• _What needs to be done_
Keep the images out while you set down the data exactly.

____ Extracted material

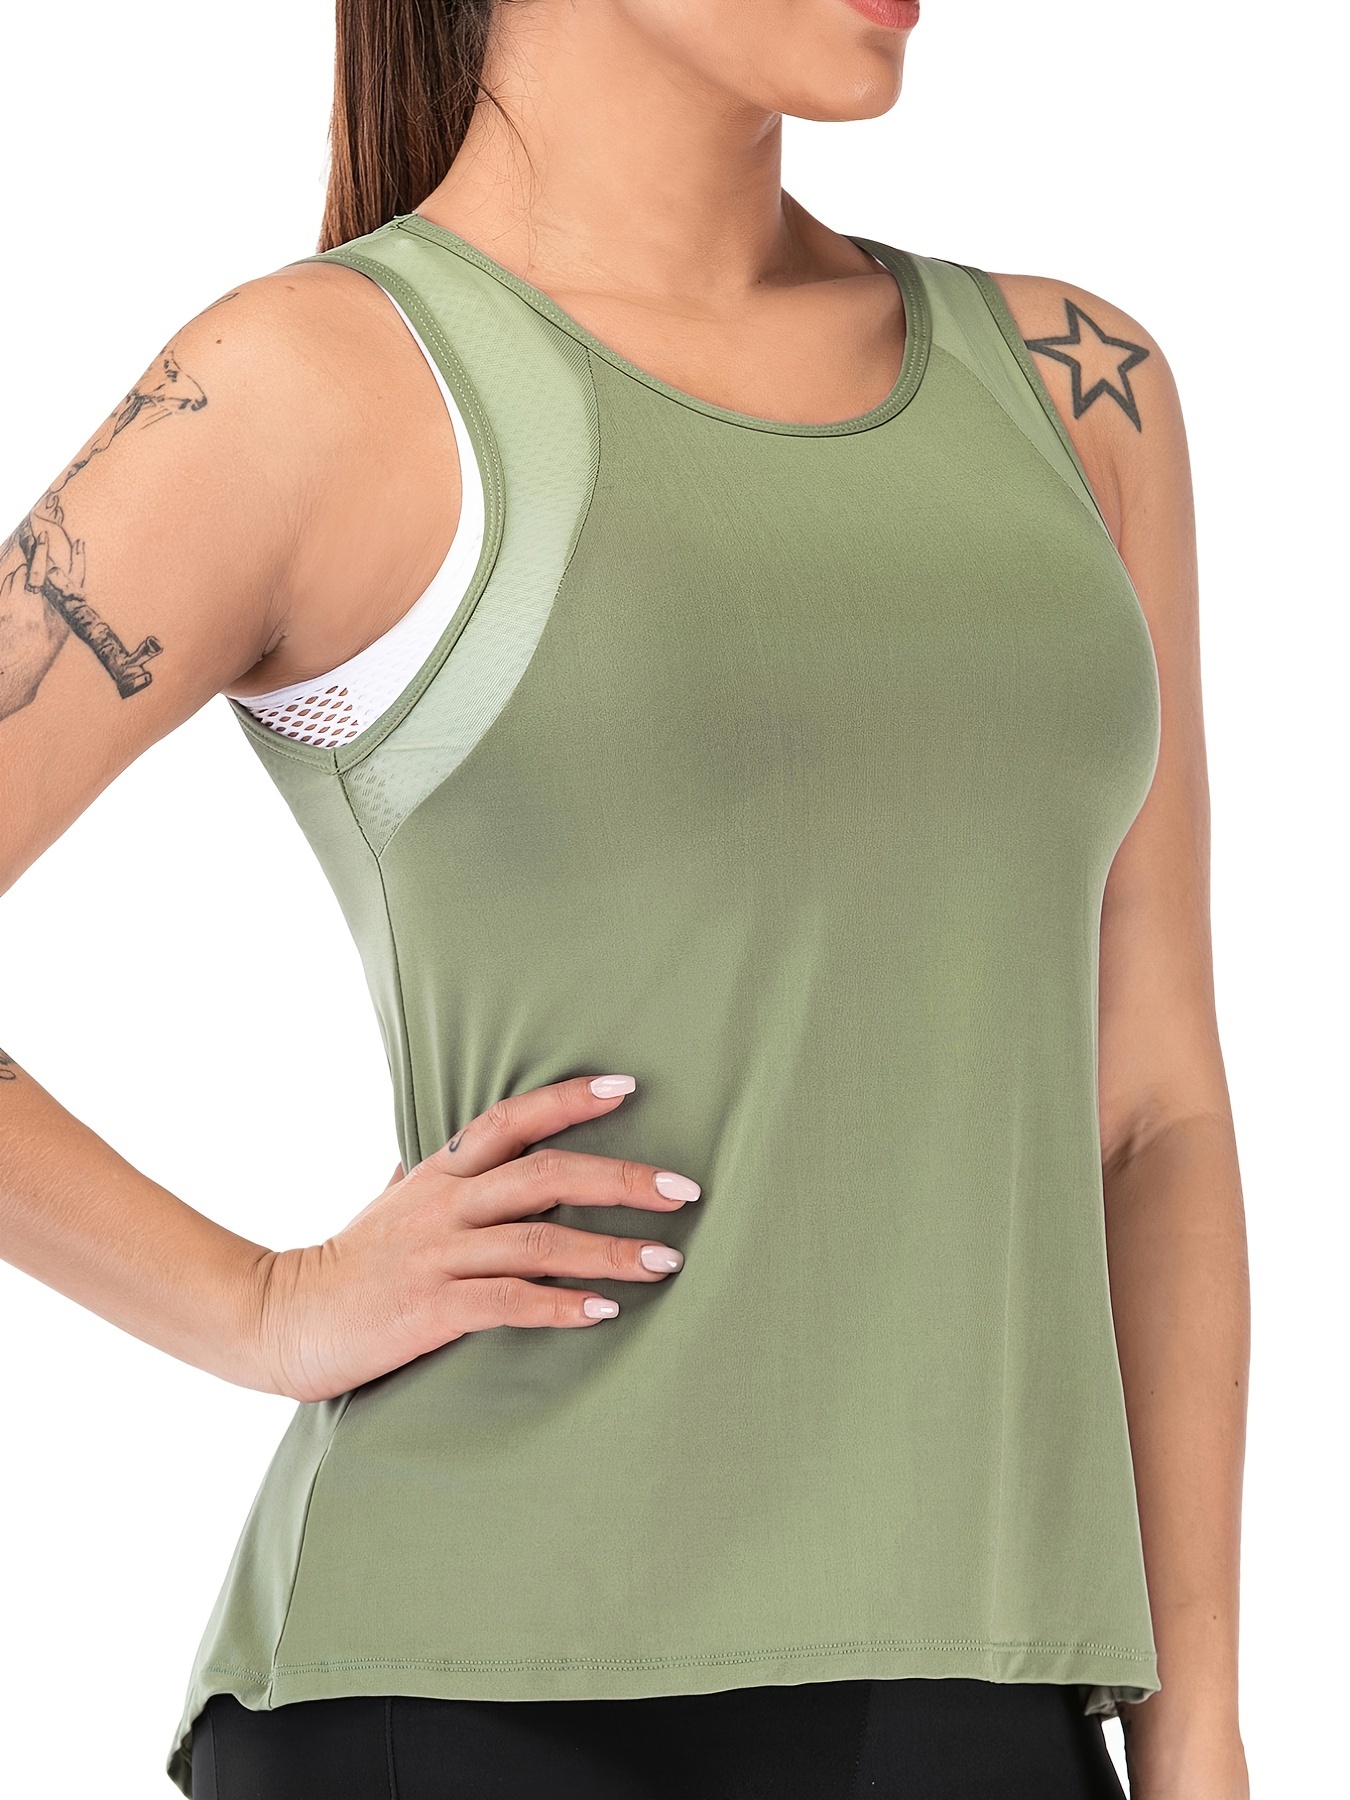 Women's Backless Cami Workout Sports Running Tank Top, Athletic Yoga Tops,  Women's Summer Tops
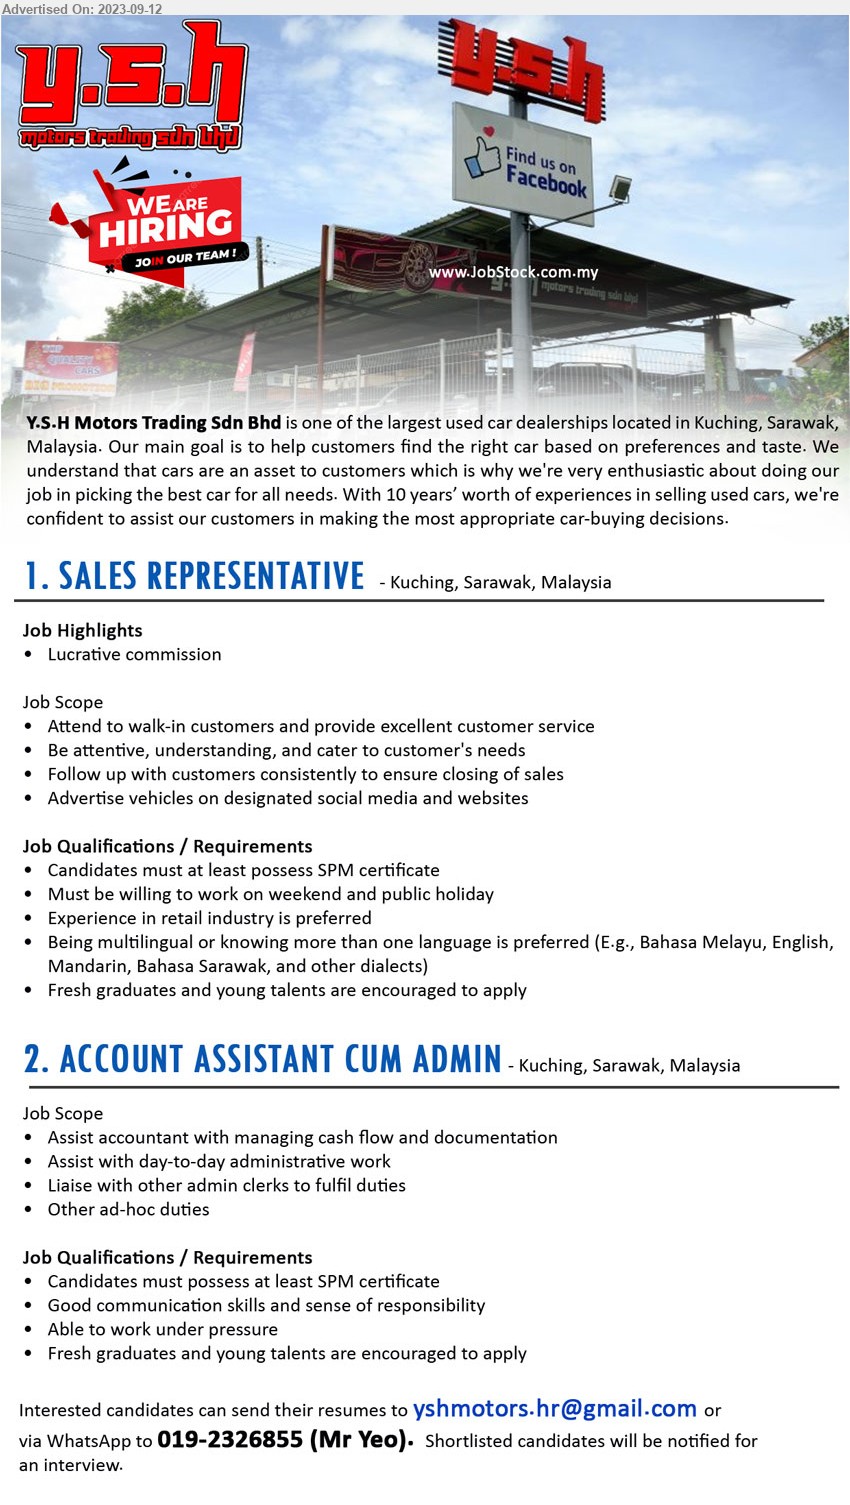 Y.S.H MOTORS TRADING SDN BHD - 1. SALES REPRESENTATIVE  (Kuching), SPM, Experience in retail industry is preferred,...
2. ACCOUNT ASSISTANT CUM ADMIN (Kuching), SPM, Fresh graduates and young talents are encouraged to apply,...
WhatsApp to 019-2326855 (Mr Yeo) / Email resume to ...
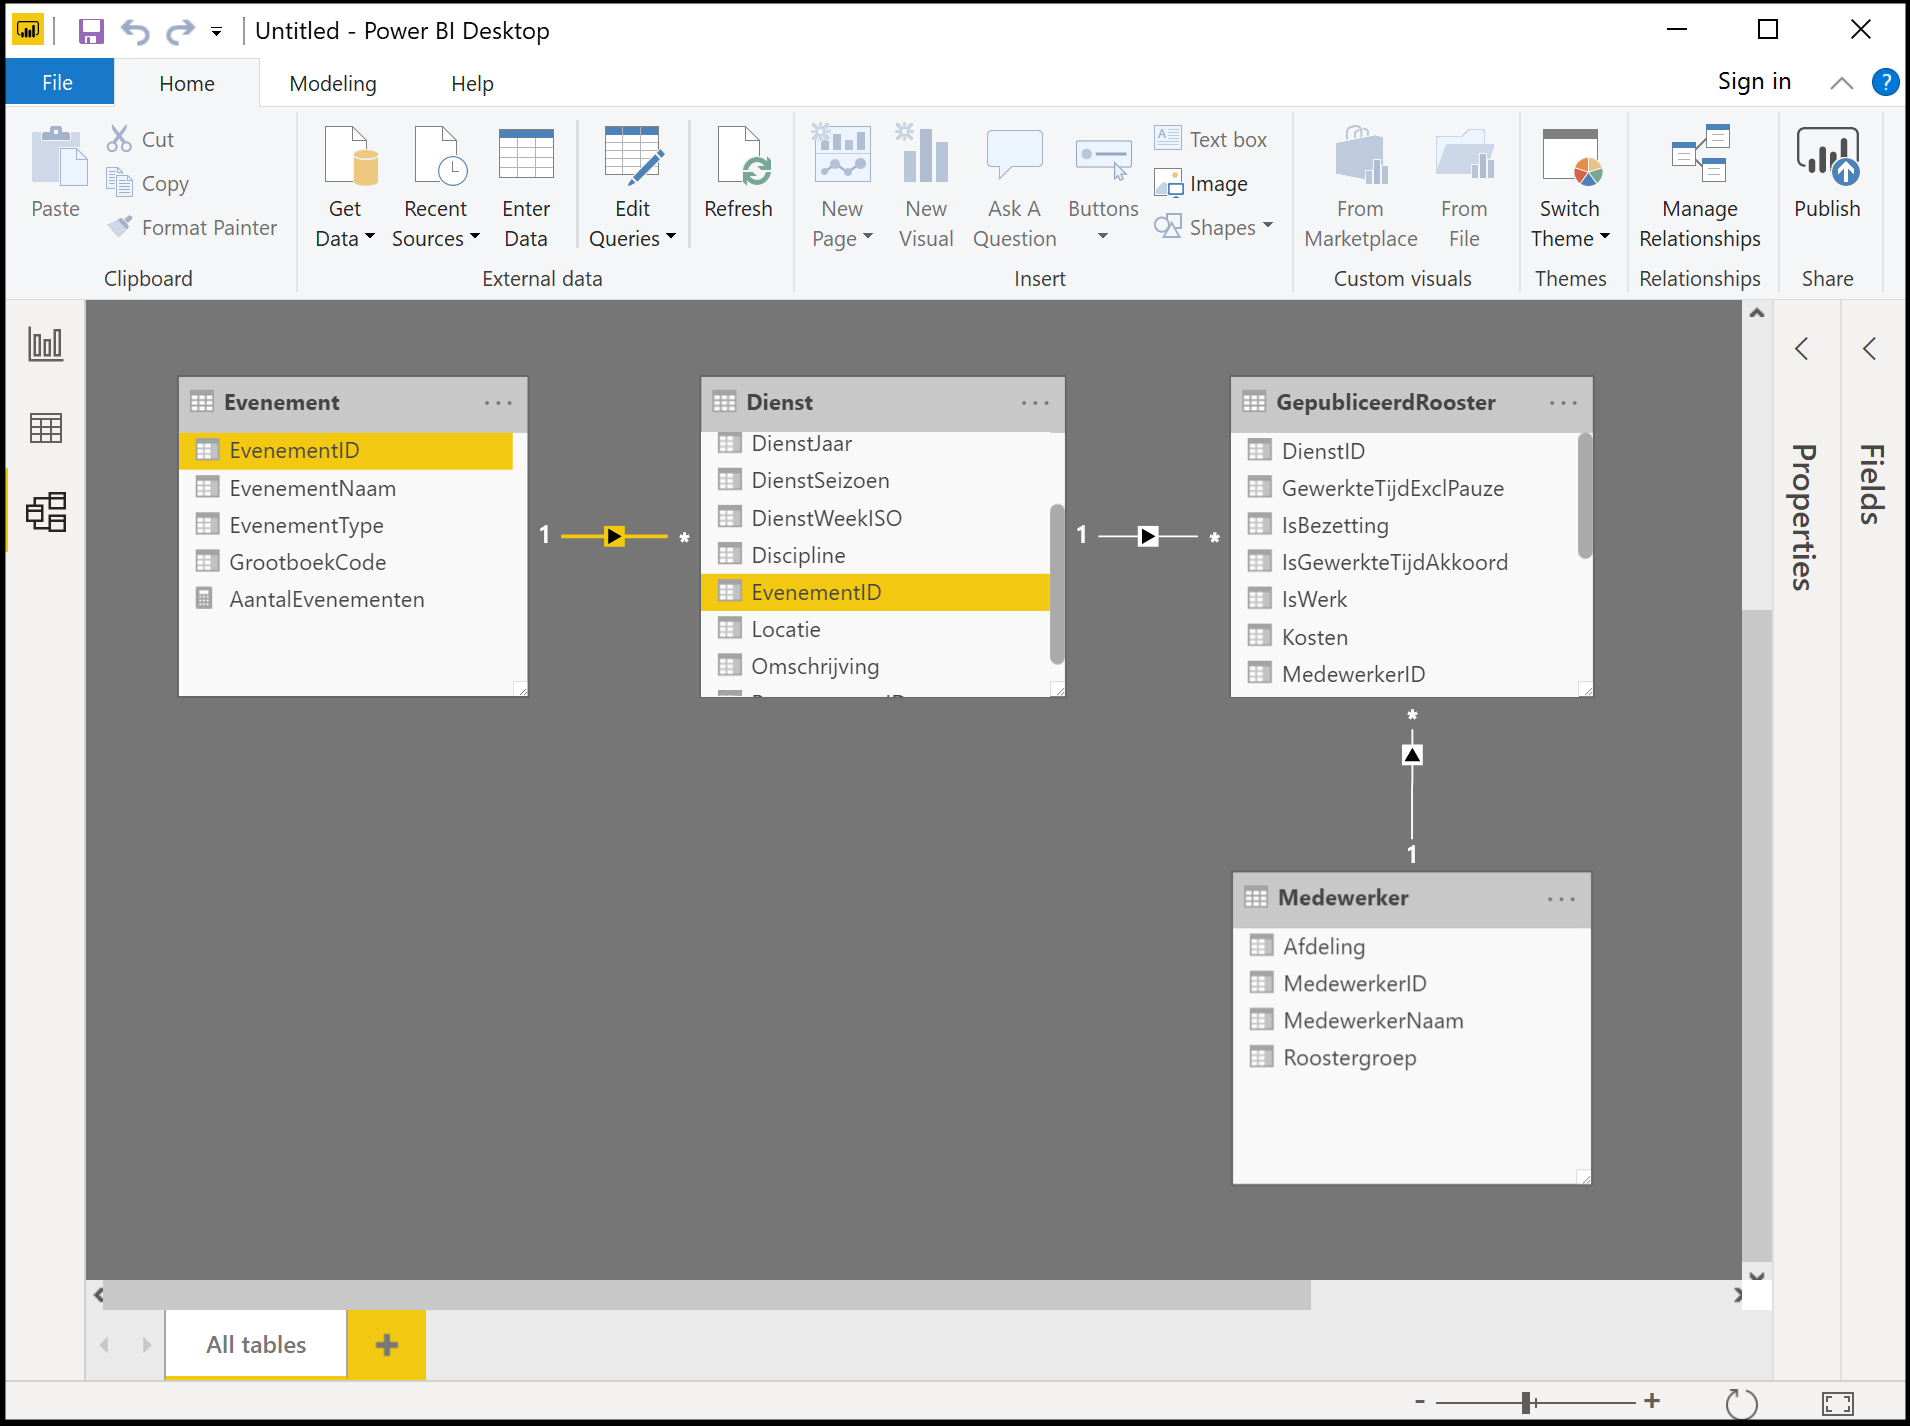 powerbi-crossfilter-direction-2-35cc5fbaad3e8bc790534545460e92a2.png

________

• _Written response_
 Women's Backless Cami Workout Sports Running Tank Top, Athletic Yoga Tops,  Women's Summer Tops
 Y.S.H MOTORS TRADING SDN BHD - 1. SALES REPRESENTATIVE  (Kuching), SPM, Experience in retail industry is preferred,...
2. ACCOUNT ASSISTANT CUM ADMIN (Kuching), SPM, Fresh graduates and young talents are encouraged to apply,...
WhatsApp to 019-2326855 (Mr Yeo) / Email resume to ...
 powerbi-crossfilter-direction-2-35cc5fbaad3e8bc790534545460e92a2.png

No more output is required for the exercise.